Attorney General Merrick Garland declared on Thursday that the Department of Justice is extending its hate crime reporting efforts and that it would not hold criminals accountable.
Garland stated during a panel discussion at the White House Hate Crimes Summit that the agency plans to expand its United Against Hate programme to all 94 U.S. Attorney’s offices nationwide within the next year. The outreach training programme seeks to assist individuals in identifying and preventing hate crimes, as well as to strengthen partnerships with law enforcement.
Garland stated in announcing the action that the DOJ does not investigate or prosecute anyone based on their ideology or “the opinions they hold.”
“However, in our democracy, people do not have the right to do violent acts or make unlawful violent threats inspired by bigotry or hatred,” Garland stated.
“The Justice Department will not hesitate to hold anyone accountable who do so,” he added.
Garland, who was appointed by President Joe Biden and has led the department since March 2021, mentioned earlier this year’s convictions of three men who killed Ahmaud Arbery, which he claimed happened “simply because he was a Black guy running on a public roadway.”
He also mentioned Jose Gomez of Texas, who pled guilty to charges of assaulting an Asian family, and Raymond Fehring of New York, who wrote more than 60 letters to LGBTQ-affiliated persons and groups, “many of which contain threats to kill, shoot, and bomb the receivers.”
“We also had a guy convicted in Tennessee for a series of arsons that targeted Catholic, Methodist, and Baptist churches in the state,” Garland added.
According to Department of Justice data, more than 40 persons were charged with bias-motivated crimes between January 2021 and May 2022, with more than 35 convictions.
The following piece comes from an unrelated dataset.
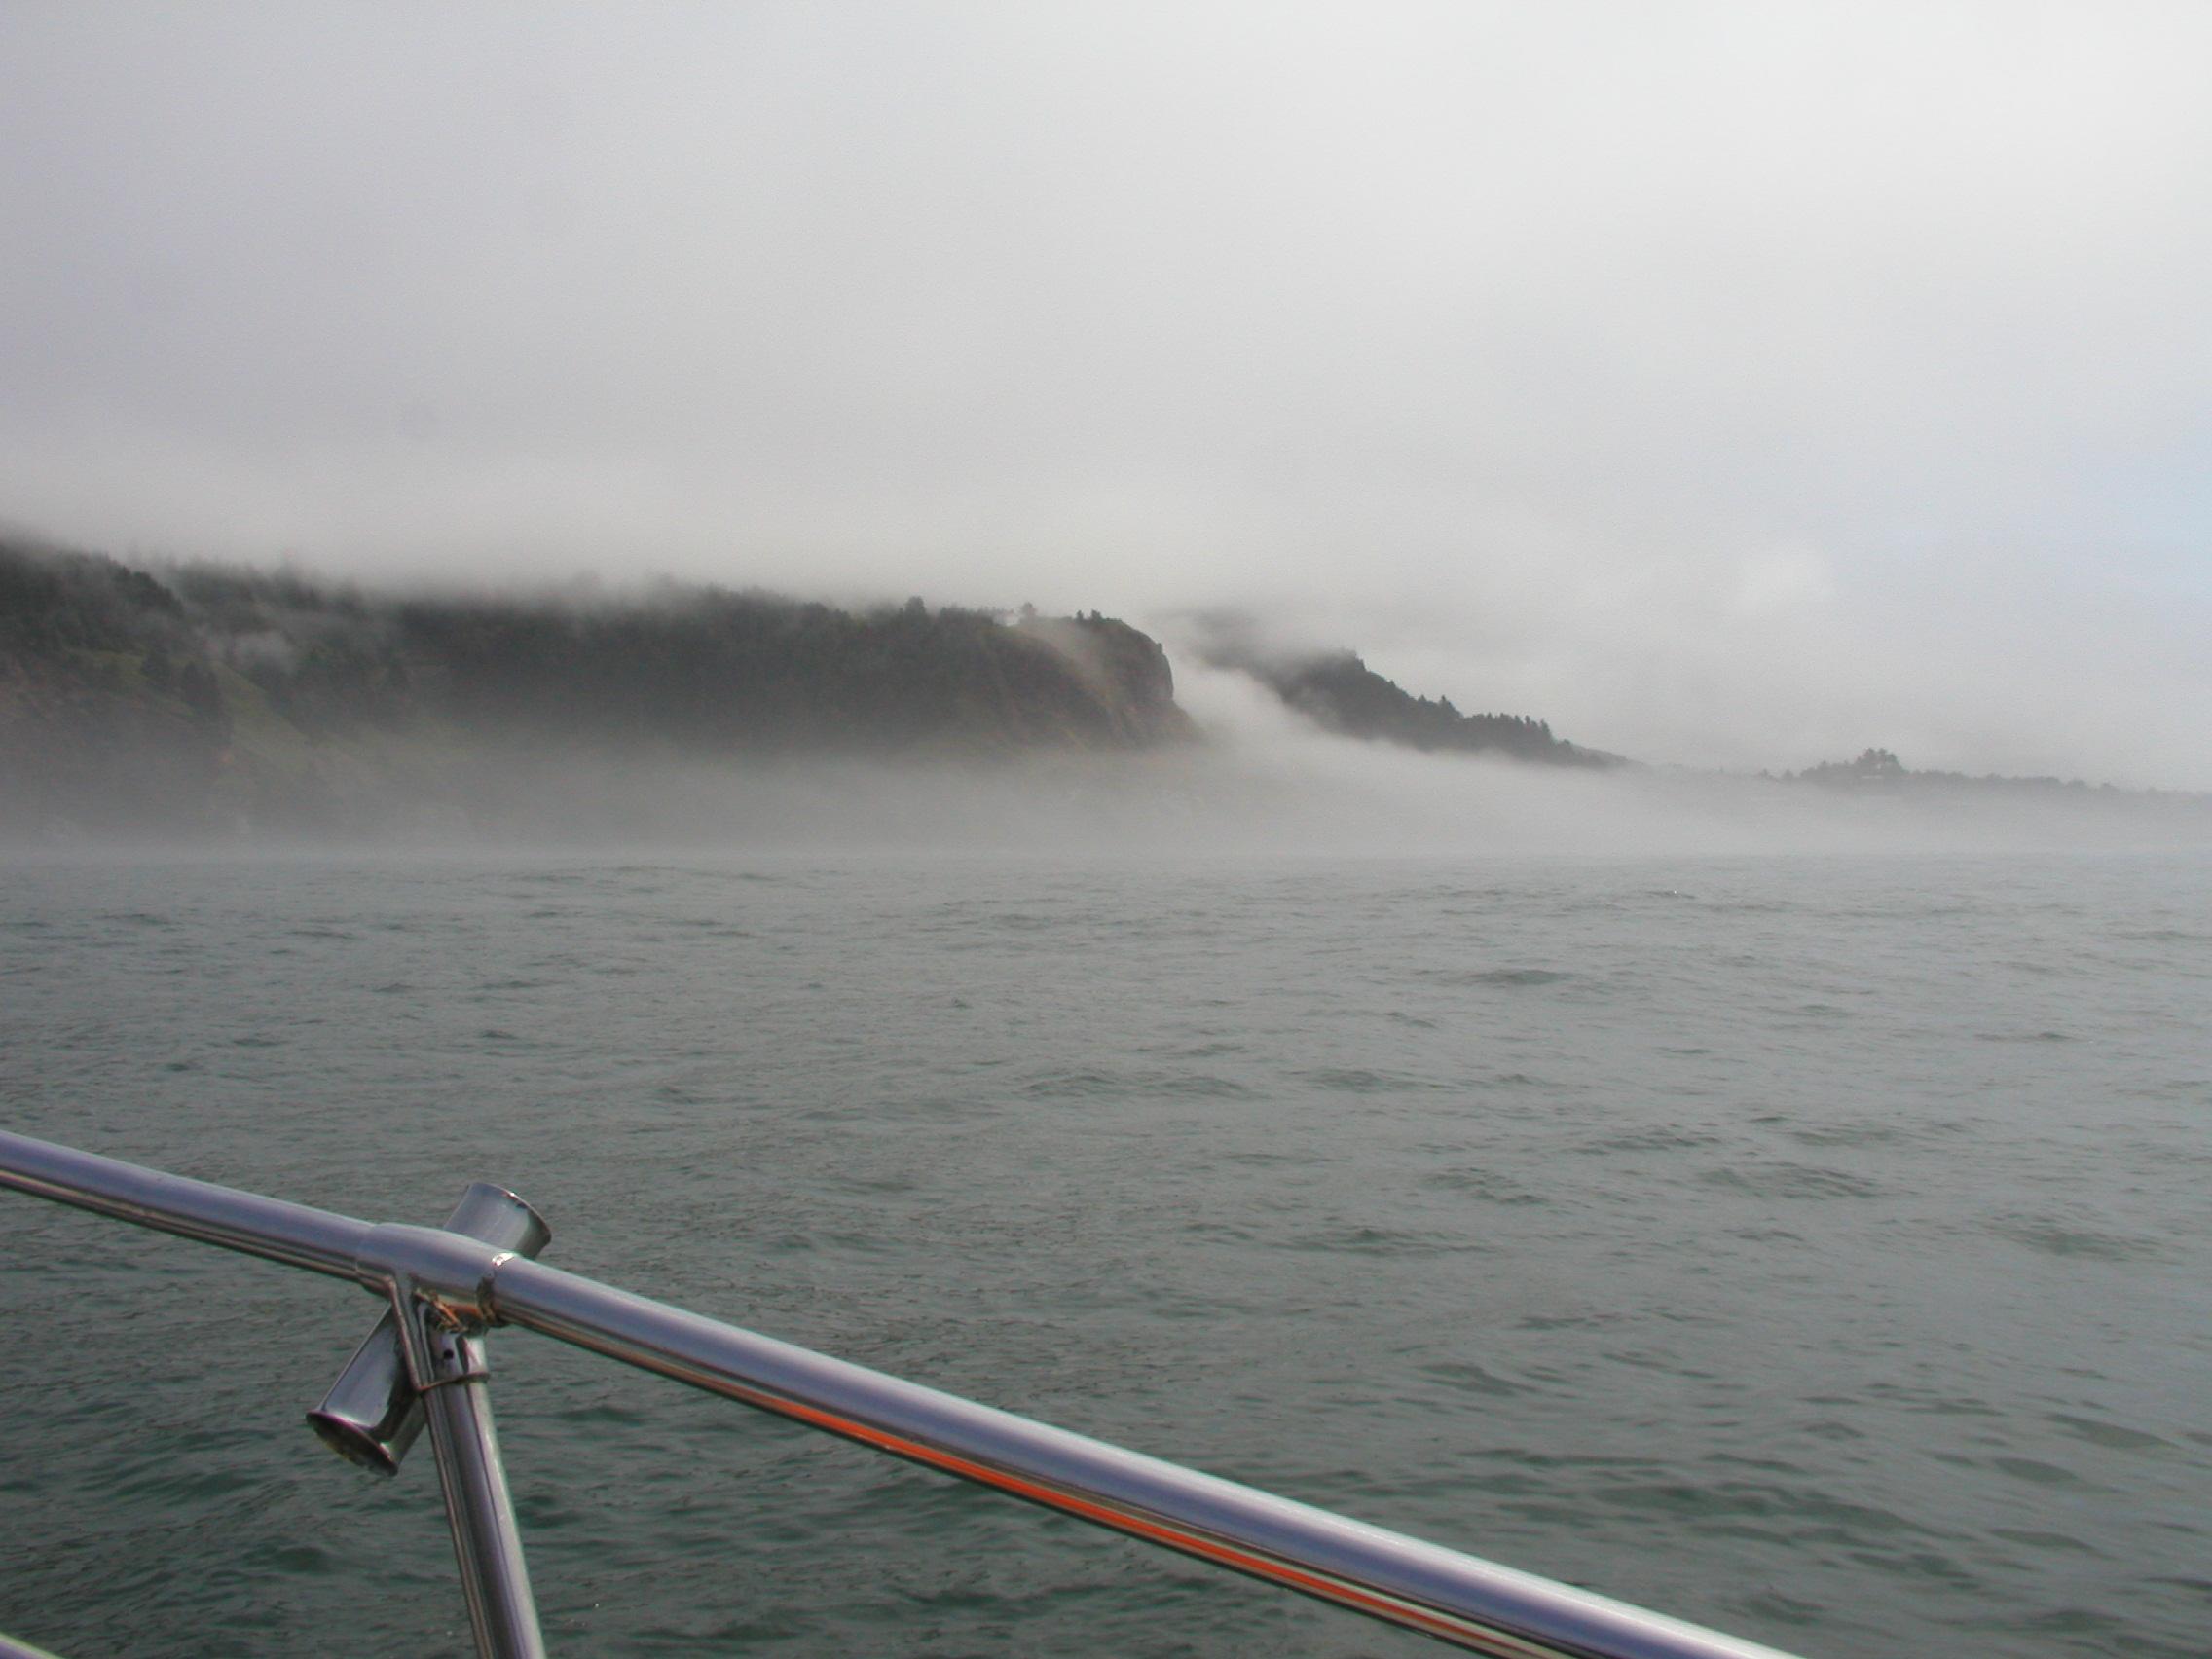 41_looking toward shore
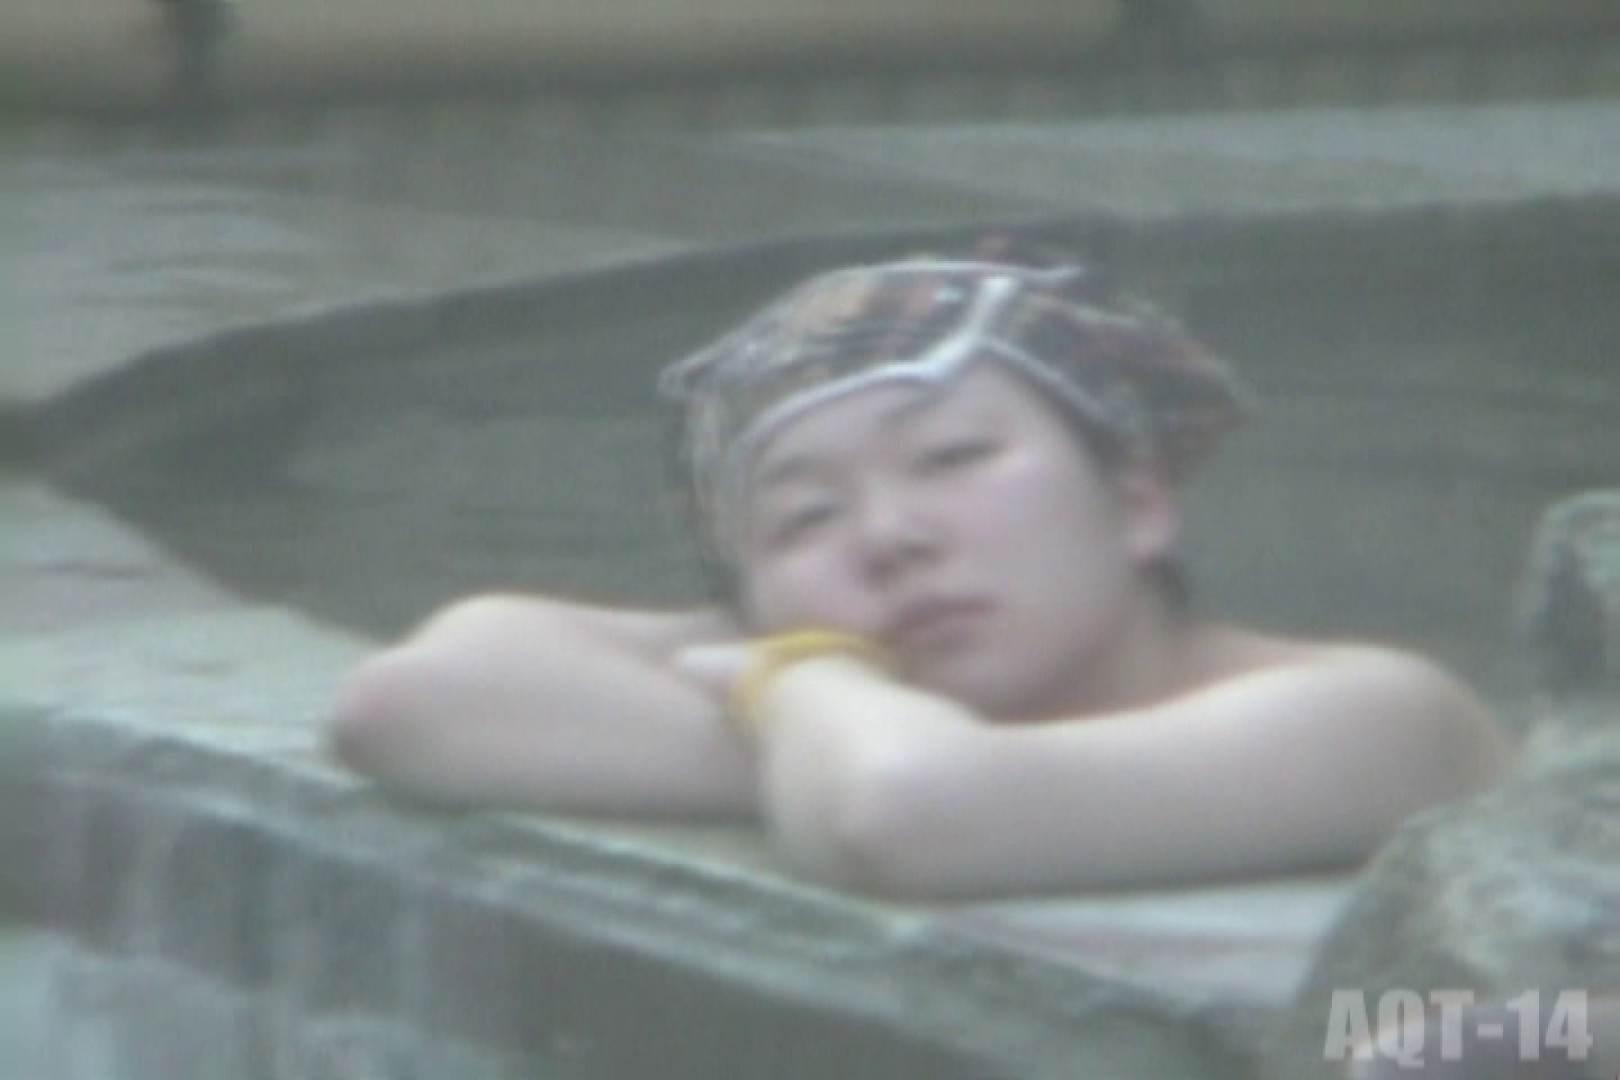 Aquaな露天風呂Vol.830 OLのエロ生活  34連発 12

“But we also realise that prosecutions alone are insufficient,” Garland said, explaining why the department is incorporating the United Against Hate programme into the offices of all federal prosecutors.
Pilot programmes have already been completed successfully in the United States Attorney’s Offices for the Districts of Massachusetts, New Jersey, and Washington, D.C., he stated.
The program’s engagement in New Jersey is described as “deepening linkages with local community members, advocacy groups, and other federal and state agencies to defend civil rights.”
One month before New Jersey was chosen as one of three districts for the pilot programme in August, U.S. Attorney Philip Sellinger announced the establishment of a civil rights section inside his office. According to the office’s website, the newly formed section was tasked with carrying out the United Against Hate project.
Garland stated on Thursday that the Department of Justice’s civil rights division and the FBI play critical roles in the programme.
The FBI has started a National Anti-Hate Crimes campaign using billboards, radio, and social media commercials throughout the previous year. According to the Department of Justice website, civil rights violations and hate crimes enforcement have been prioritised across all 56 of its field offices, and at least one assistant U.S. attorney has been assigned to serve as a civil rights coordinator in each of the 94 federal prosecutor offices.
Garland concluded his remarks on Thursday by saying that “confronting unlawful acts of hatred is tough and demanding work.”
“All individuals in this nation should be free from fear of being assaulted or harassed because of where they come from, what they look like, who they love, how they worship, or what they believe,” he added.
He said that the Justice Department “will never cease working toward that purpose.”
Susan Rice, Biden’s domestic policy advisor, hosted Thursday’s discussion, which also included Homeland Security Secretary Alexander Mayorkas, National Endowment for the Humanities Chair Shelly Lowe, and AmeriCorps CEO Michael Smith.